Newport Academy is made up of a series of evidence-based healing centers for adolescents and families struggling with mental health issues, eating disorders and substance abuse. Jamison Monroe Jr. co-founded Newport Academy with his father as part of a personal mission to help families cope with the difficulties faced by adolescents.
How did you become interested in this kind of work and how long have you been doing it for?
As a teenager, I struggled with mental health and substance use issues, as did two of my siblings. My brother, sister and I attended as many as a dozen of the country’s premier treatment centers. Eventually, I began to see that I wasn’t getting better because the treatment was addressing the symptoms, not the underlying issues. The program that finally set me on the path to healing was one that addressed all aspects of who I was — mind, body and spirit — rather than taking a “one size fits all” approach.
My father and I co-founded Newport Academy in order to provide the kind of individualized, integrated care that helped me heal, and to help families navigate this extremely difficult journey.
How long you have been using your work as a way to create positive social impact?
I founded Newport Academy in 2008, and the program has grown from one location to multiple ones across the country, offering residential and outpatient treatment as well as therapeutic day school options. In addition, I am an active participant in the national movement to reduce stigma around mental health and substance abuse challenges.
I have been involved with numerous projects and initiatives, including the Inspiration Foundation, the Global Adolescent Project, and Drugs Over Dinner, and also produced the critically-acclaimed documentary film Behind the Orange Curtain, about the prescription drug abuse epidemic in the U.S. I was invited to testify before England’s Parliament on the subject of teen prescription drug abuse, gave the keynote address at the United Kingdom and European Symposium on Addictive Disorders, and was awarded the Freedom Institute’s 2014 Mona Mansell Award, which honors individuals who make a significant impact on the recovery field and community.
How did you become interested in social impact causes?

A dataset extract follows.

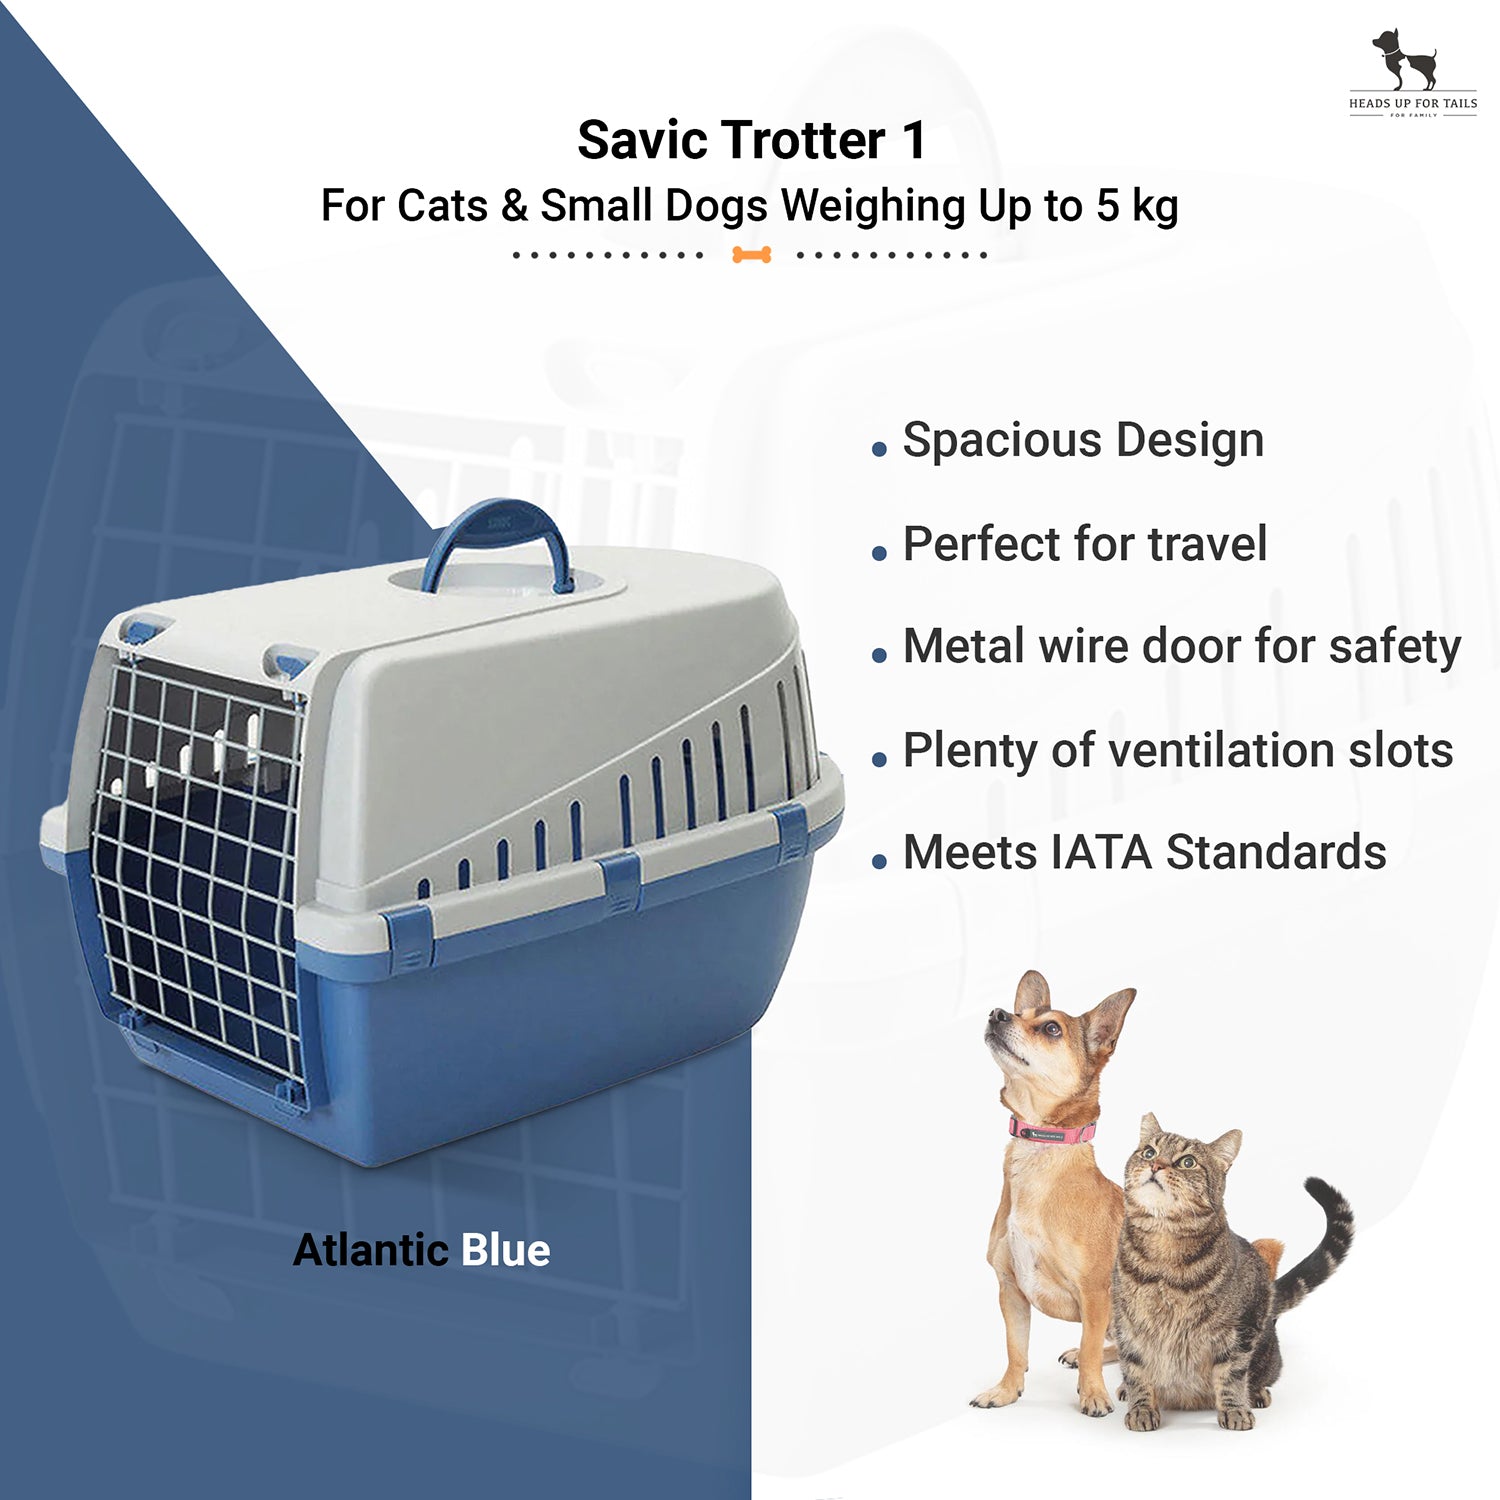 Savic Trotter 1 - Dog & Cat Carrier - Atlantic Blue - 19 x 13 x 12 inch - Holds up to 5 kg - Heads Up For Tails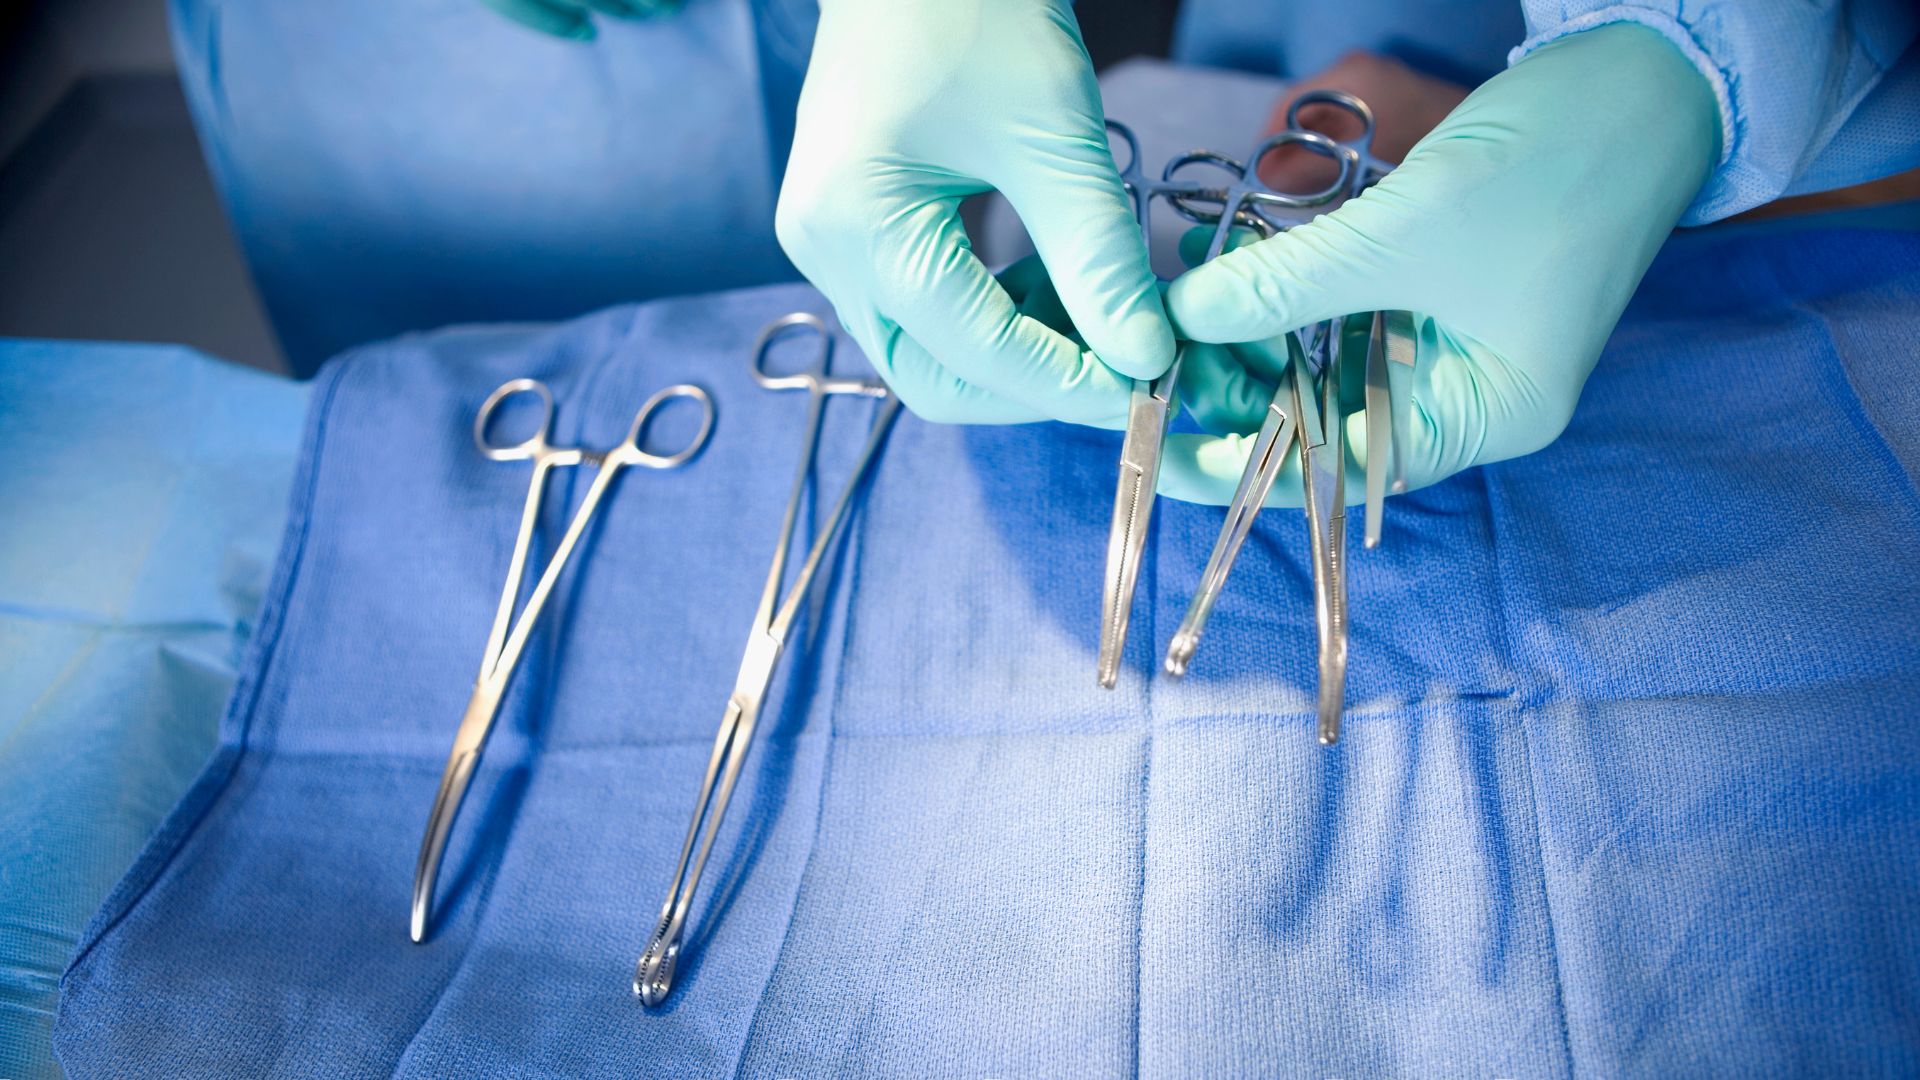 Two gloved hands holding surgical tools over a table covered in a blue sheet.

While my personal experience catalyzed my involvement in the treatment field, my passion for this work has only grown stronger in the years since, as it has become increasingly clear that we are in the midst of a teen mental health crisis. One out of every five American teenagers suffers from anxiety and/or depression. In addition, more teens in the U.S. are overdosing than ever before as a result of heroin use and synthetic opioids like fentanyl. Teenagers and their families desperately need new, more effective approaches to mental health and substance abuse treatment.
What causes are you most passionate about supporting, and what issues do they tackle?
I am passionate about advancing the adolescent mental health care field, because our future in many ways depends upon it. Effective, holistic teen treatment not only makes individuals’ and families’ lives better, it also addresses larger societal issues, such as overuse of technology, over-medication of kids, and a culture that values achievement over authentic connection. With the right treatment, teens who are struggling today have the potential to become the compassionate, empowered leaders of their generation.
Do you have any stories about the Newport Academy’s positive impact?
There are so many stories — one for every teenager and family who come to Newport Academy and find their way from darkness back to light, from pain and helplessness to a sense of being in control of their own life and their own choices. I love the way one of our alumni expressed it recently: “I am no longer a product of my circumstances, but a product of my decisions to overcome those circumstances.” Every day, I hear from clients, alumni and parents how they are making powerful positive changes in their lives, their relationships and their communities.
Is there anything else you want to share?
Stigmas around mental health and substance abuse continues to be an obstacle that keeps people from getting the help they need, and often results in less public funds being put toward mental health services. We all need to look closely at our biases regarding behavioral and psychological disorders. It’s important to understand that adolescents who end up in mental health or substance abuse treatment aren’t bad, or wrong or broken. They are beautiful, powerful, sensitive young adults — and, with compassionate, comprehensive treatment, they will go on to live happy, fulfilling lives.